Can you imagine these same people on the job dishing out that kind of foolishness?
“Of course the order sheet called for black paint, Mr. Supervisor. But I really felt as if lime green would be a more meaningful color in my life today. And after all, the color of the paint doesn’t really matter, does it, so long as it’s applied with loving care.”
Yet in the realm of eternal verities, everyone’s an expert. “It doesn’t matter what you believe, so long as you’re sincere.” Tell that to the guy who fell twenty stories after sincerely believing he was an eagle.

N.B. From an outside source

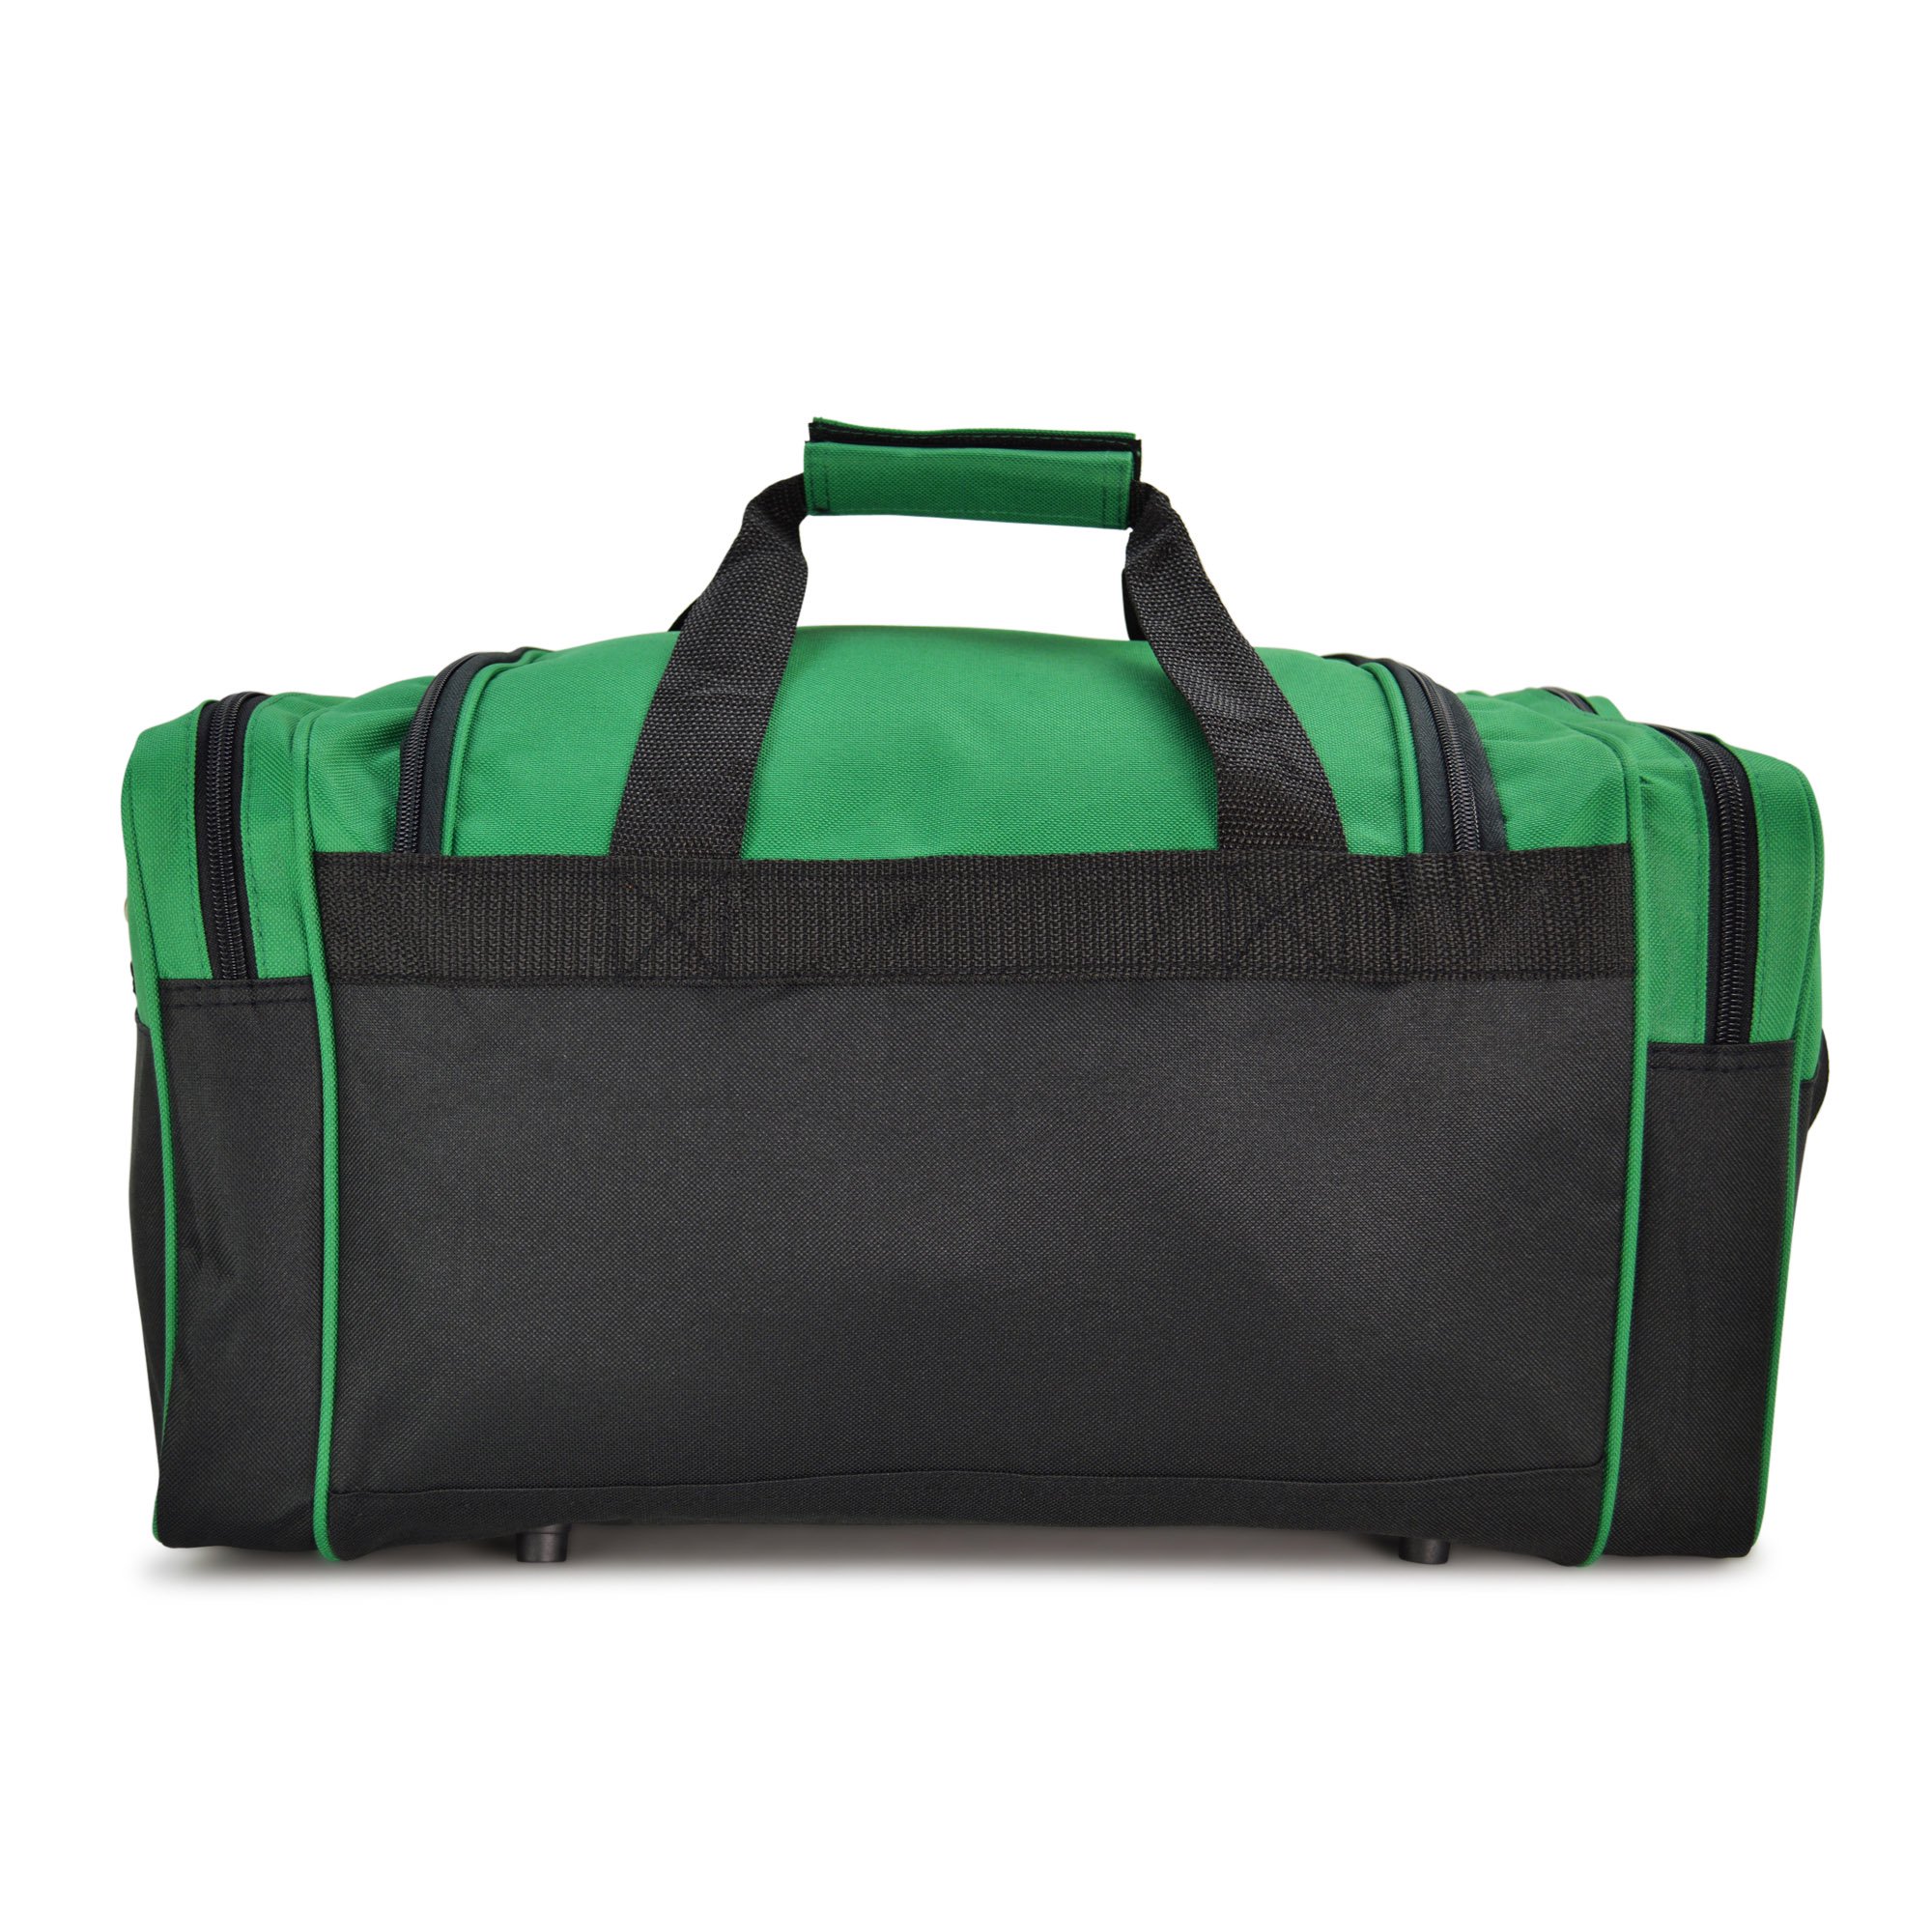 Wholesale Custom logo Green Sports Duffle Bag Sack Kit Gym Bag Trendy Top Travel Bag Available in Colors
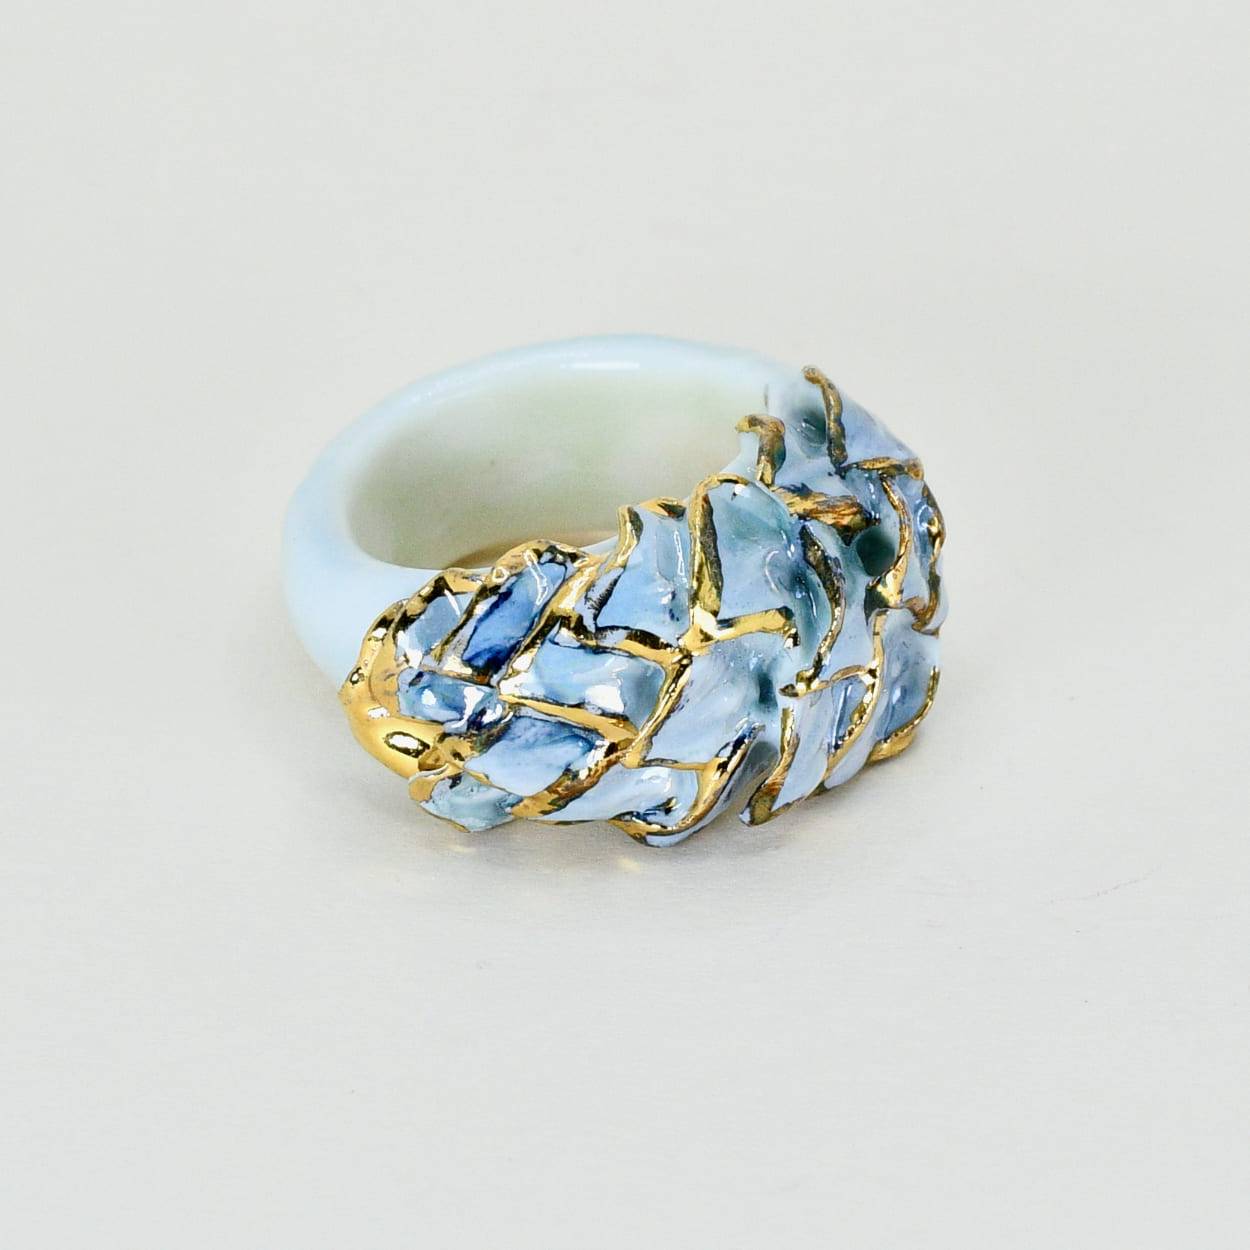 ACARA Porcelain Ceramic Ring

As preachers, we look out on pews filled with such nonsensical ideas. We preach to people who understand clearly that there are laws of physics, and 1 plus 1 always equals 2, but who object to the idea that faith might somehow involve truths that don’t give way to every passing fancy or trend. Like the reporters in Denver who couldn’t fathom why the people might continue to insist on the necessity of beliefs on which so many American Catholics disagree.
As we preach to a generation used to pointing a remote and zapping away anything disagreeable at the slightest provocation, we face the unenviable task of reminding our theologically-impaired congregants of some unpleasant realities that conflict with current cultural viewpoints. Perhaps the most difficult for them to accept is that it does, in fact, matter what you believe.
That’s why — although I’m not about to reverse the Reformation and return to Rome — I have a lot of respect for a Polish pope who insists that doctrine isn’t determined by the latest survey.